Star Rating:

Endless Love

Director: Shana Feste

Actors: Gabriella Wilde, Alex Pettyfer

Release Date: Monday 30th November -0001

Genre(s): Drama

Running time: 103 minutes

Romance porn just doesn't cut it. No, this is under-the-counter, seedy raincoat romance porn, a Nicholas Sparks meets Cameron Crowe lovey-dovey syrupy goo of a movie (in fact the plot lifts wholesale from Crowe's Say Anything, and a little from Stand By Me). Despite the lack of originality, Endless Love steers a steady ship through the syrupy gooiness until it descends into all kinds of silliness in the last ten minutes.

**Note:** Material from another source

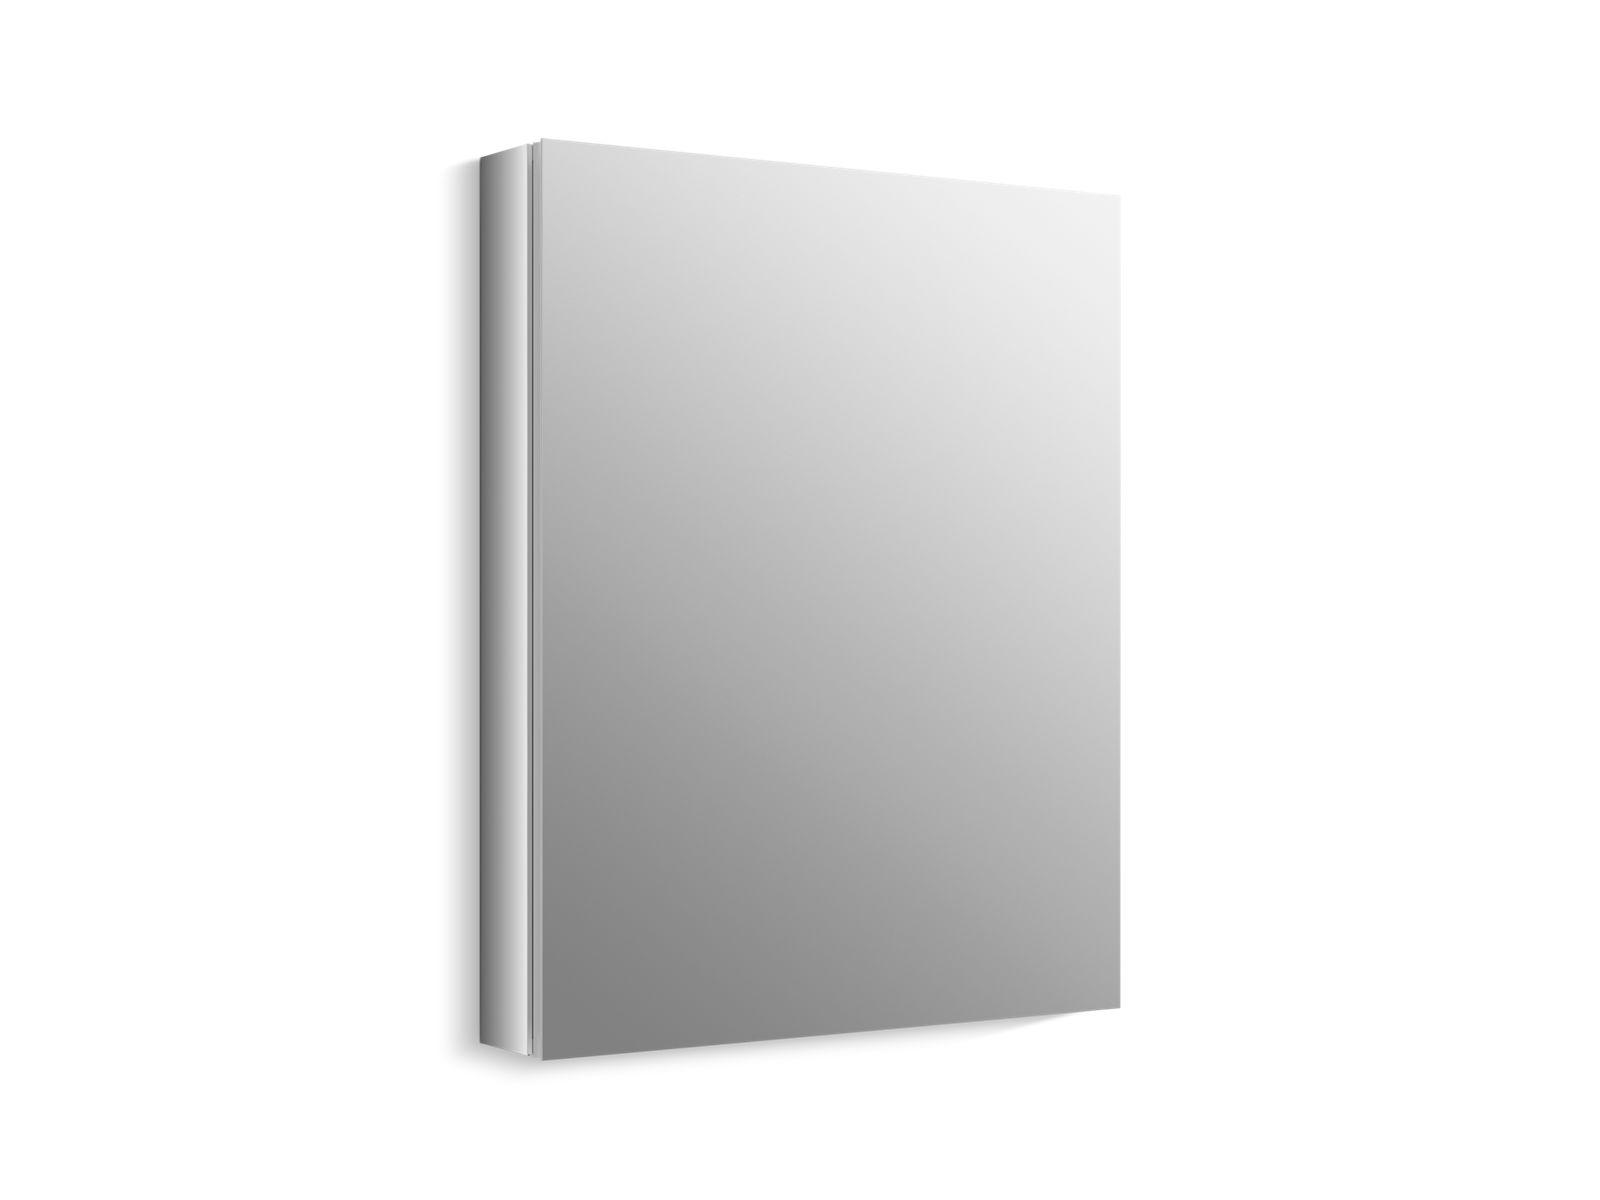 K 99006 | Verdera Medicine Cabinet With Mirrored Door | KOHLER

Sensitive blue collar type Alex Pettyfer has had a crush on beautiful, rich blonde type Garbiella Wilde all through high school but it's only when they graduate that the wooing shows results. Doctor dad Bruce Greenwood doesn’t approve of this mechanic's son hanging around his daughter all summer and urges Gabriella to take an internship ahead of her pre-Med college course (there’s the Say Anything lift). Meanwhile, Gabriella's (twin?) brother Rhys Wakefield and Greenwood clash as Rhys struggles to live up to his recently deceased older brother (and there’s Stand By Me - both are John Cusack movies, coincidently).

Through the audience's groans and, yes, laughter, Endless Love admirably sticks to its Pure First Love guns with every scene a trailer-ready declaration of love. It asks a lot, like feeling sorry for rich, beautiful people with bright futures; Jade's world is of lakeside holiday homes, speedboats, paper aeroplanes carrying love notes, and happily standing in the rain. In any other teen movie Jade Butterfield is the spiteful cheerleader. And 'Jade Butterfield'? What is she, a new Barbie line?

But Wilde is likeable, Pettyfer does what he’s asked to do (be handsome and open-shirted) and Greenwood manages to walk a steady line between the ogre and the genuinely worried dad. The expansion of the story into his marriage with Joely Richardson, juxtaposing their crumbling marriage and this young blossoming love, is welcome. The soundtrack isn't bad with Lionel Richie, thankfully, staying at home.

Then, however, comes that final ten minutes where director Shana Feste (Country Strong) and her co-writer Joshua Safran (Gossip Girl) ensure they tick as many boxes as possible. It turns into Dawson Creek. Then Disney. Then Beverly Hills 90210 (the new one).